— Ebbene trionfi, trionfi, trionfi.
Ma Silla prima aveva avuta l’imprudenza di dare l’appellativo di Magno al giovine Pompeo, forse perchè nell’assiduo altalenare dell’umor suo, tormentandolo i pidocchi meno del consueto in quel punto, e sperando di guarirne, erasi sentito trasportare alla bontà ed all’entusiasmo.
Così dunque venne decretato il trionfo.
Nella prima parte della mattina, che i Romani chiamavano diluculum, il campo Marzio era tutto occupato dalle soldatesche reduci dall’Africa. Il campo Marzio, il quale era situato in modo da invadere parte dell’area dove dopo Cesare fu il circo agonale ed oggi v’è la piazza Navona, era come il dietro le scene, dove apprestavasi tutto ciò che, nell’ora che chiamavasi mane ad meridiem, doveva passare in processione lungo la via trionfale sotto gli occhi del popolo romano.
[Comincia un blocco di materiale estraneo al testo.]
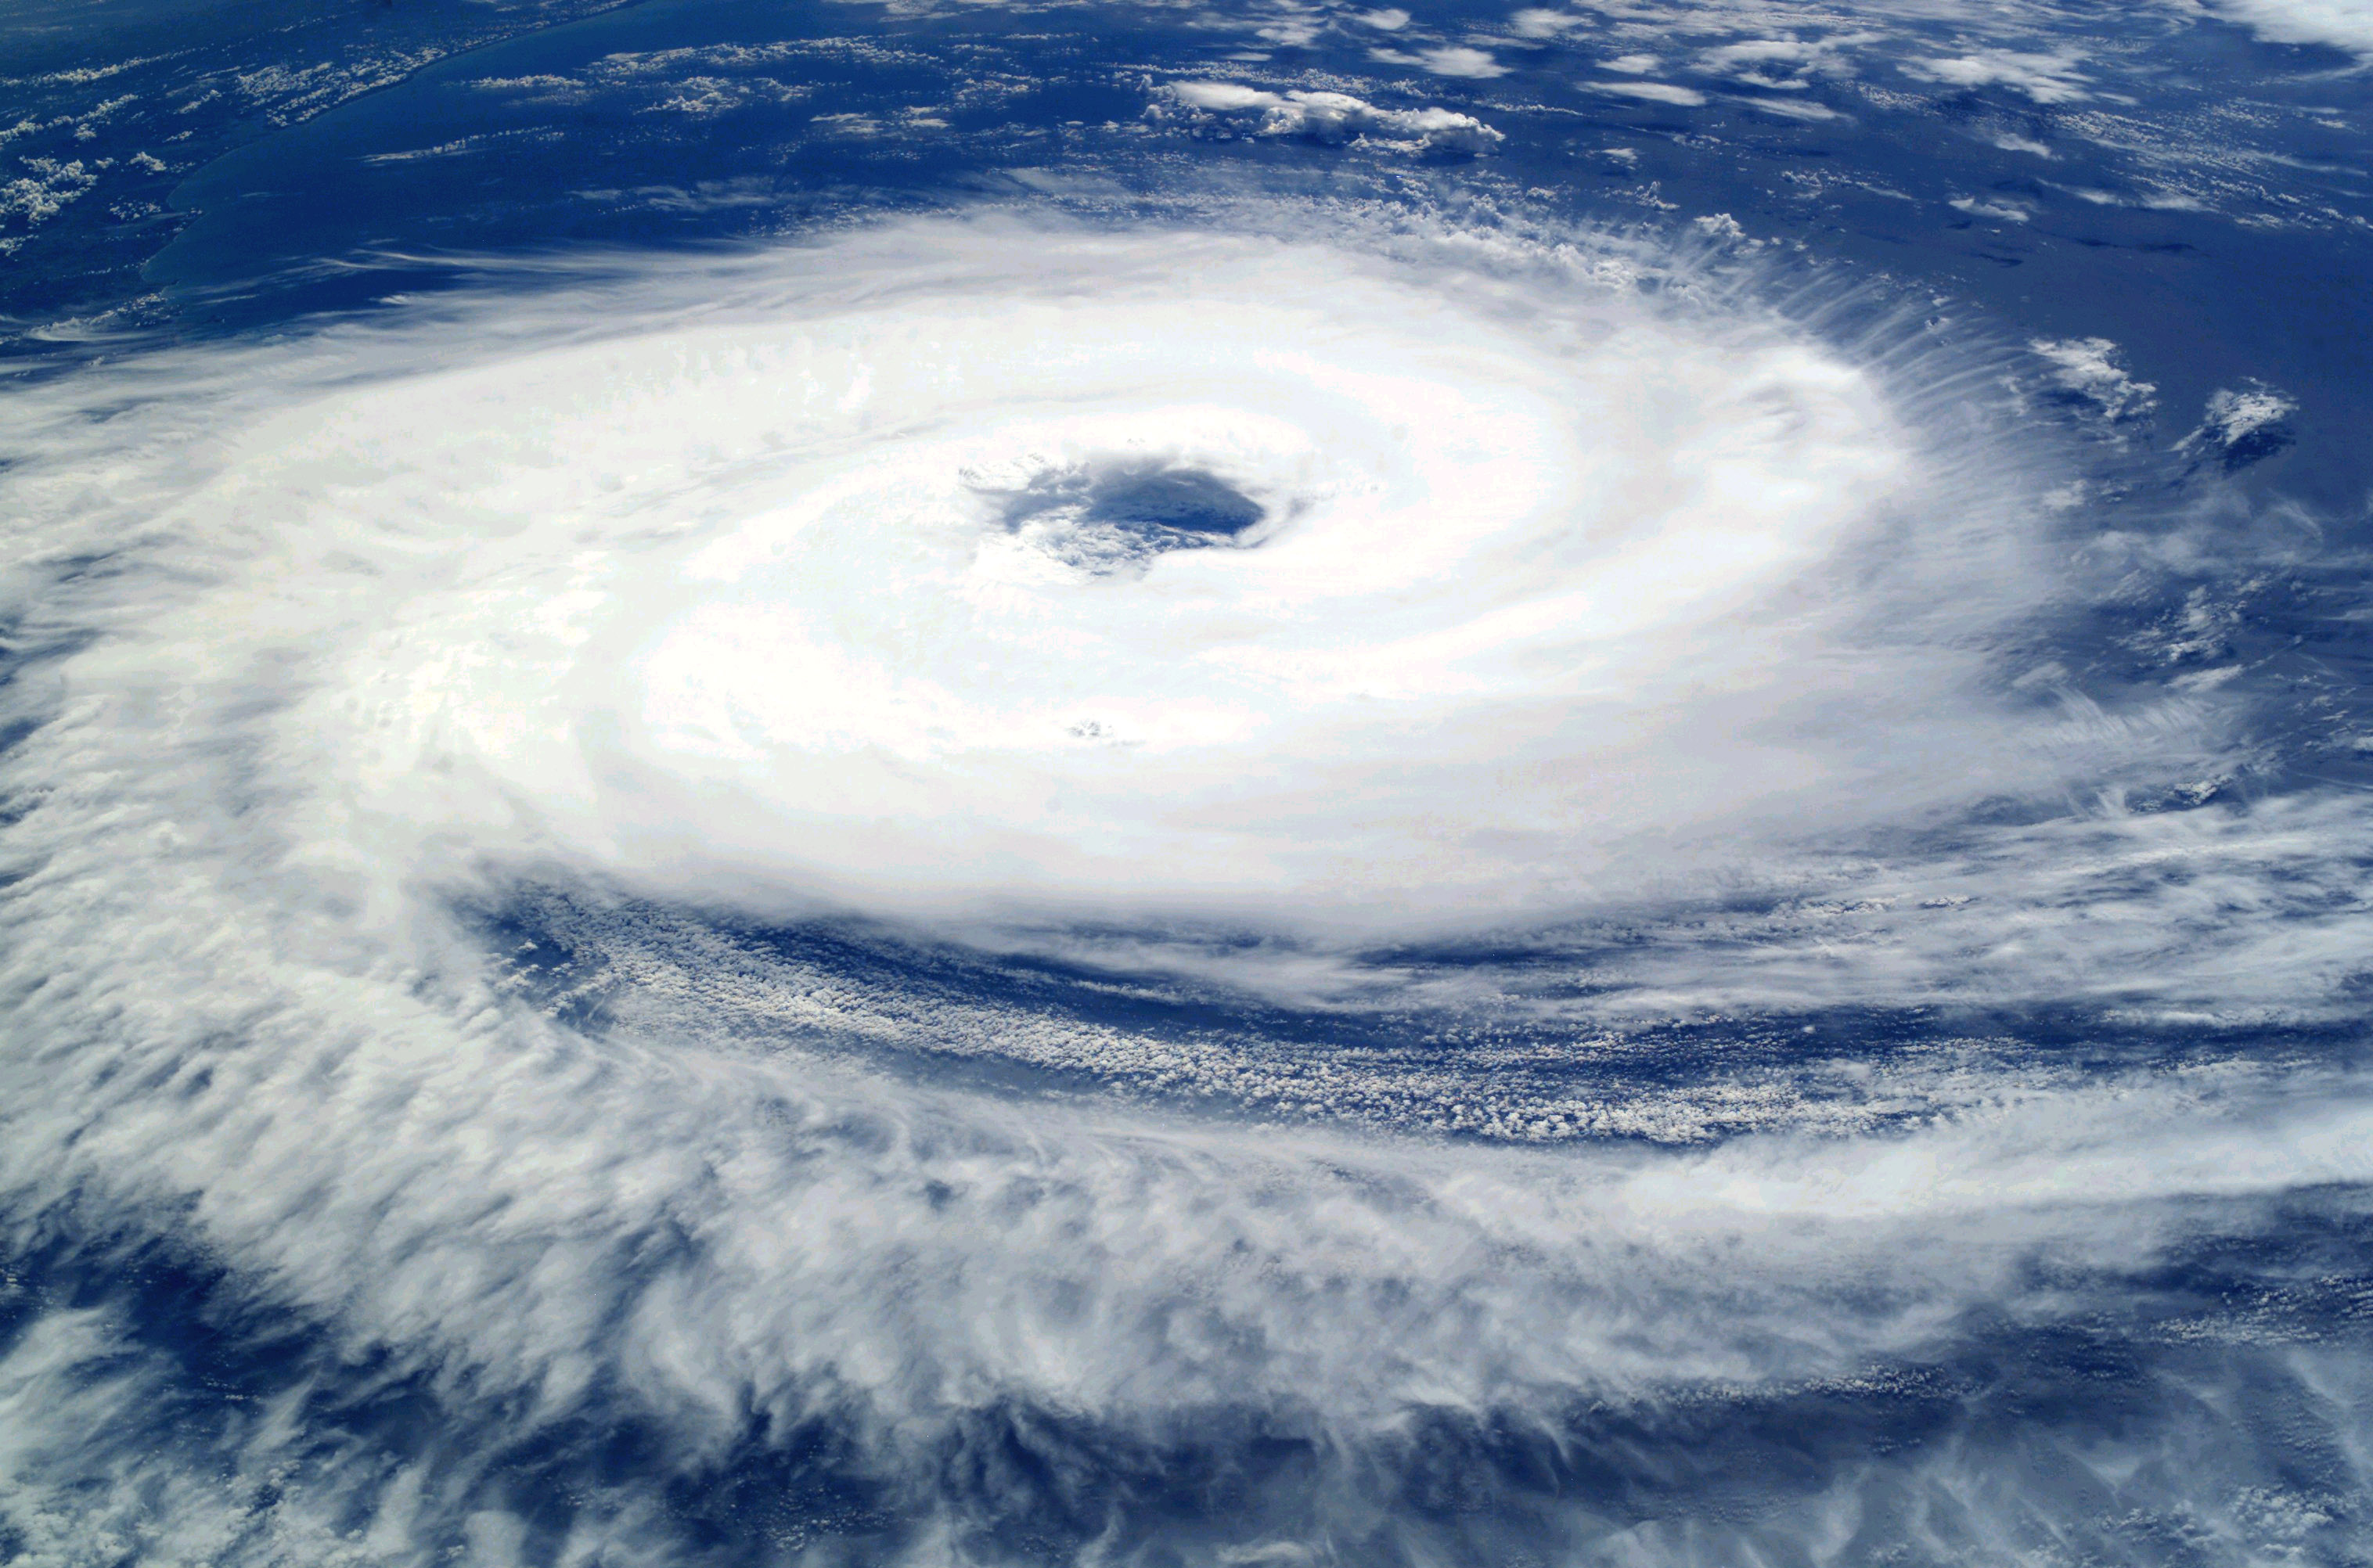 Cyclone Catarina from the ISS on March 26 2004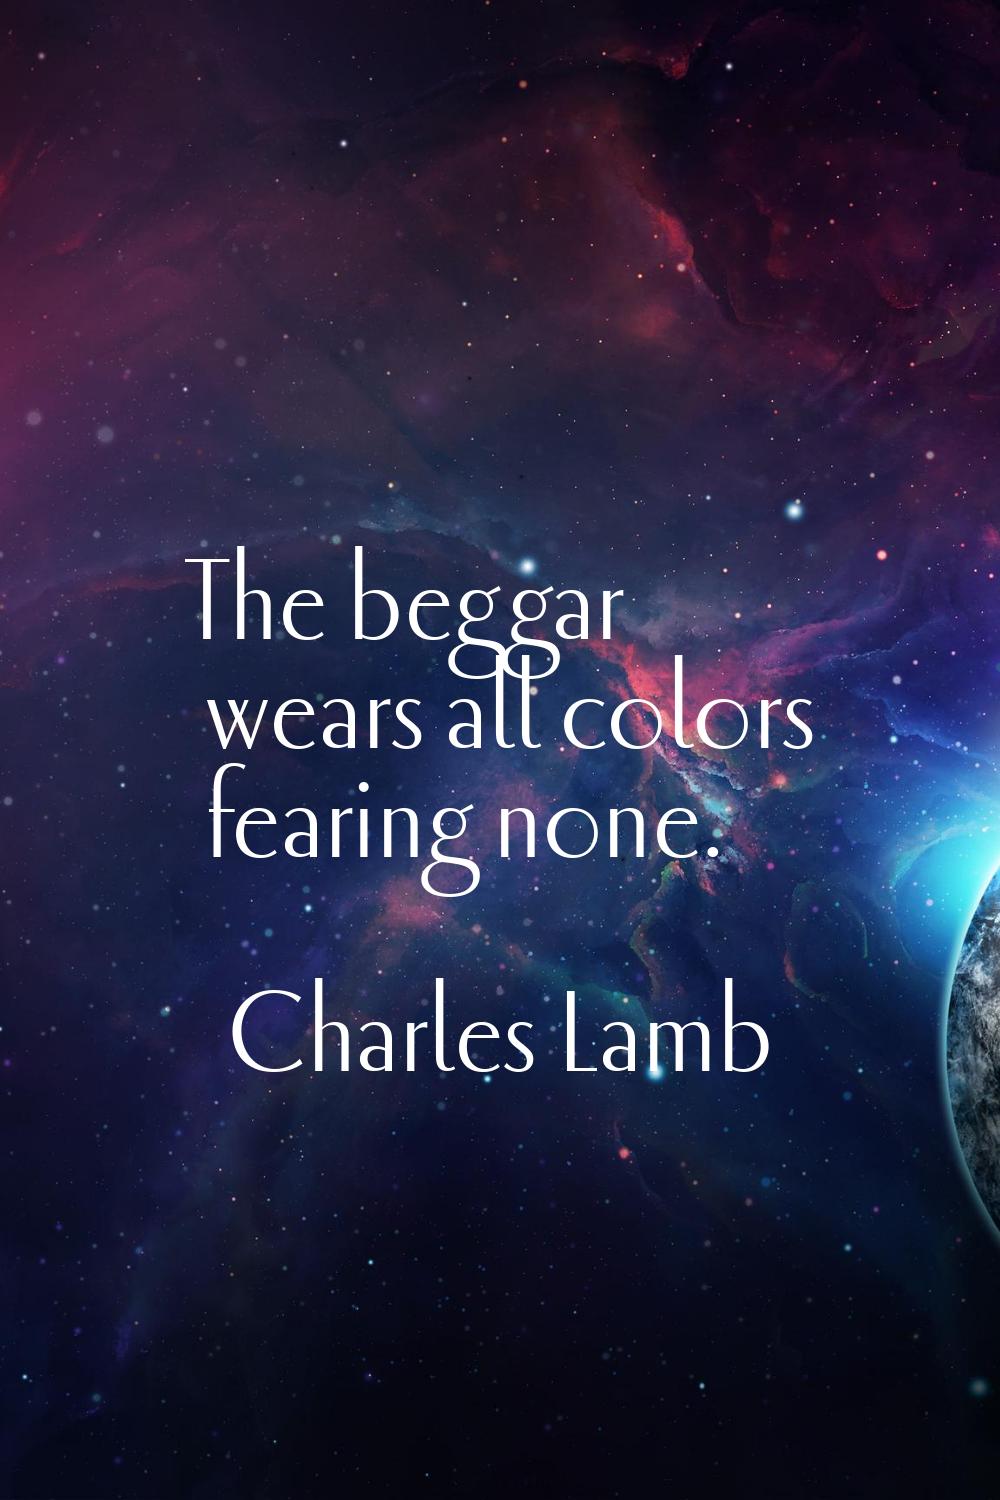 The beggar wears all colors fearing none.

Alla quadriga in cui doveva sedere il Magno Pompeo erano già aggiogati quattro elefanti, chè così egli aveva voluto, disdegnando i cavalli; ma gli apprestatori del trionfo e della sua parte decorativa essendosi accorti che que’ quattro enormi bestioni non potevano passare per l’arco posticcio stato eretto all’uscita del campo Marzio, mandarono tosto due centurioni veterani alla casa di Pompeo per avvisarlo dell’inconveniente.
Il giovane ventiquattrenne stava nel suo cubicolo; sul letto, poco più alto del pavimento, coperto d’una gran pelle d’un libico leone che egli stesso aveva ucciso, era apprestato l’abito trionfale, fatto di porpora, il quale veniva chiamato toga picta, ovvero tunica palmata; v’era pure una corona d’alloro, e un ramo d’alloro. Traducendo quell’intima scena romana nel più umile volgare moderno, quella stanza del magno eroe pareva il camerino d’un tenore serio celeberrimo, che ripetendo sotto voce la grande aria di sortita, presenta già gli applausi strepitosi del pubblico in delirio.